## DATA SEGMENT

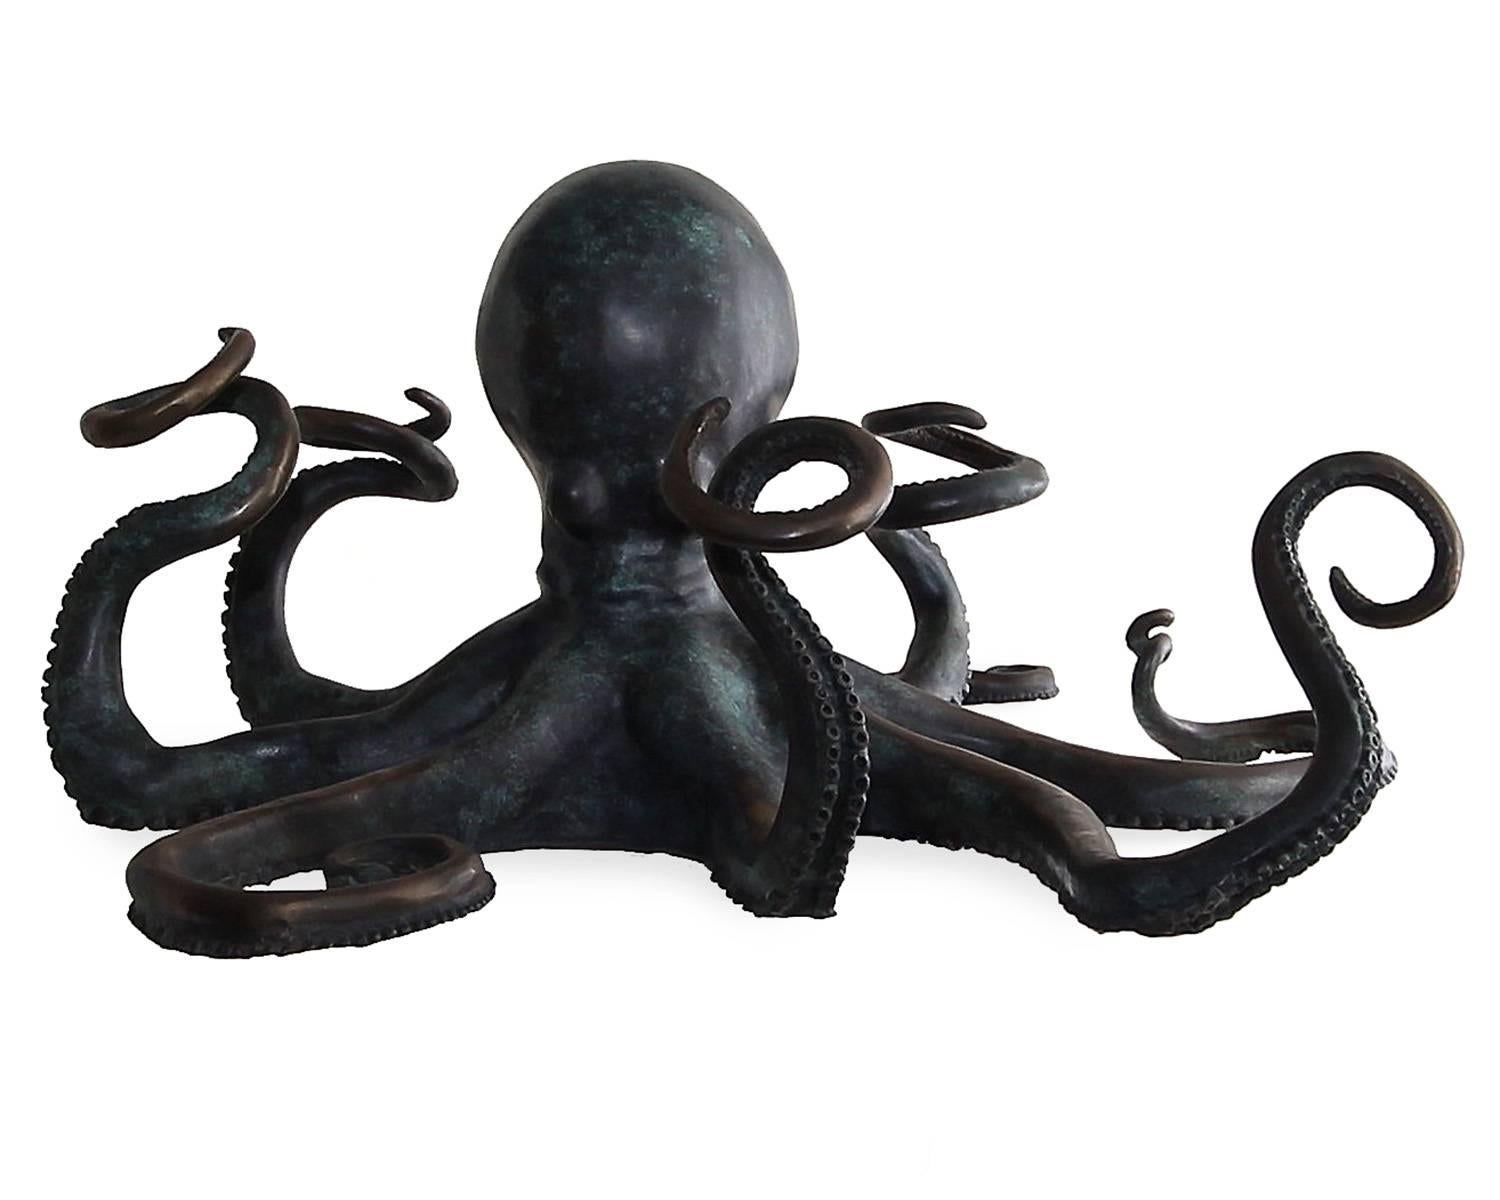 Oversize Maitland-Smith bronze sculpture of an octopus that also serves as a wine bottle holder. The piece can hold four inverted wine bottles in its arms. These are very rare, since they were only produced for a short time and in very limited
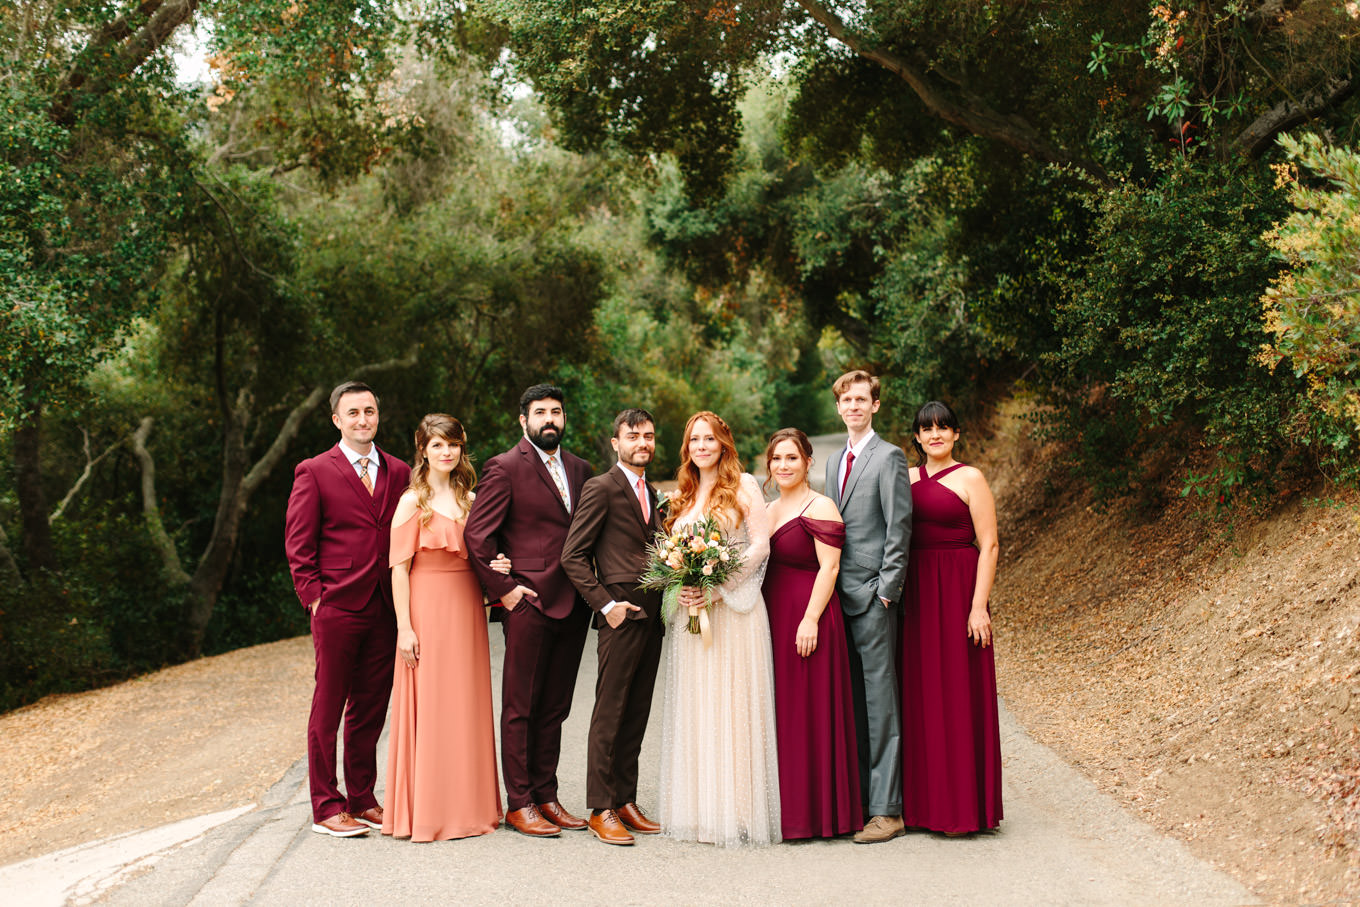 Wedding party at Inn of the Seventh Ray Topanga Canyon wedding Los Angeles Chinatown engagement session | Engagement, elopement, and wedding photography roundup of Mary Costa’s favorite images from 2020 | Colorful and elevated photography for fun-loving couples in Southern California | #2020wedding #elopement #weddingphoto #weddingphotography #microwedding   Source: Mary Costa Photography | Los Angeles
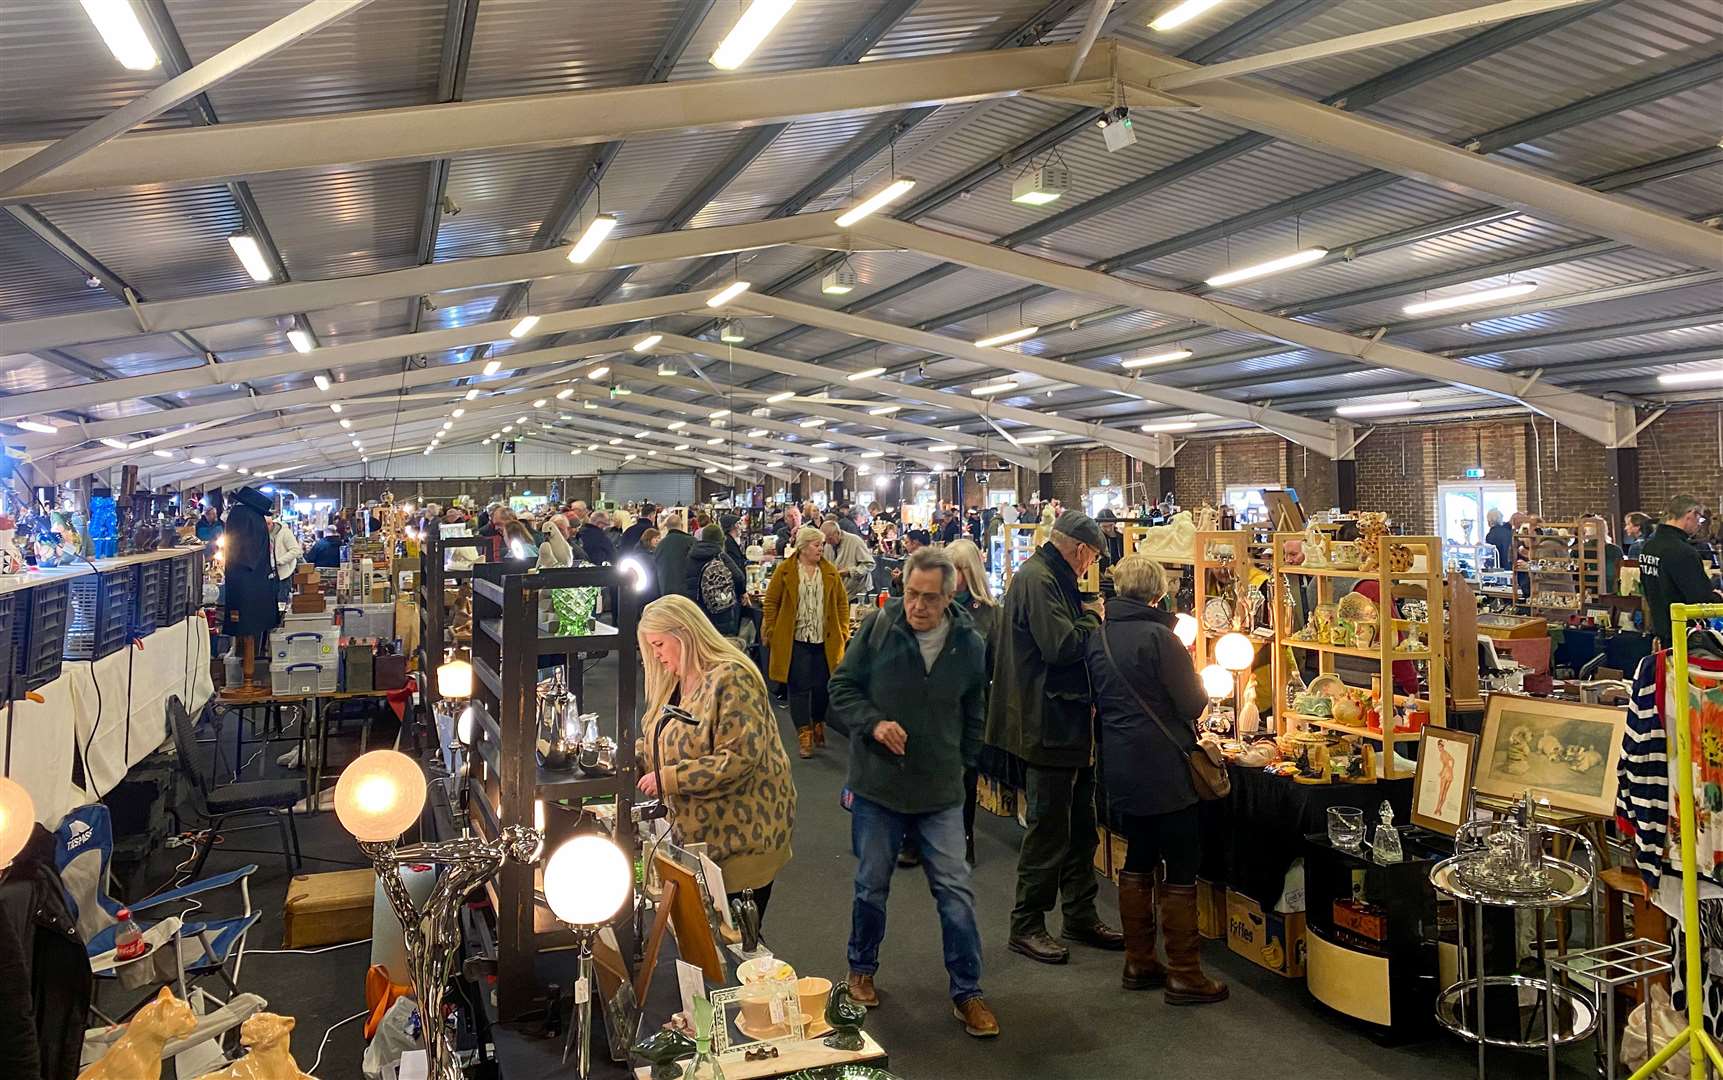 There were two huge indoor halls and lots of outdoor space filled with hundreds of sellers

## EXERCISE DIRECTIONS
Give back the material above word for word; no picture belongs in it.

## SOLUTION
 Oversize Maitland-Smith bronze sculpture of an octopus that also serves as a wine bottle holder. The piece can hold four inverted wine bottles in its arms. These are very rare, since they were only produced for a short time and in very limited
 Wedding party at Inn of the Seventh Ray Topanga Canyon wedding Los Angeles Chinatown engagement session | Engagement, elopement, and wedding photography roundup of Mary Costa’s favorite images from 2020 | Colorful and elevated photography for fun-loving couples in Southern California | #2020wedding #elopement #weddingphoto #weddingphotography #microwedding   Source: Mary Costa Photography | Los Angeles
 There were two huge indoor halls and lots of outdoor space filled with hundreds of sellers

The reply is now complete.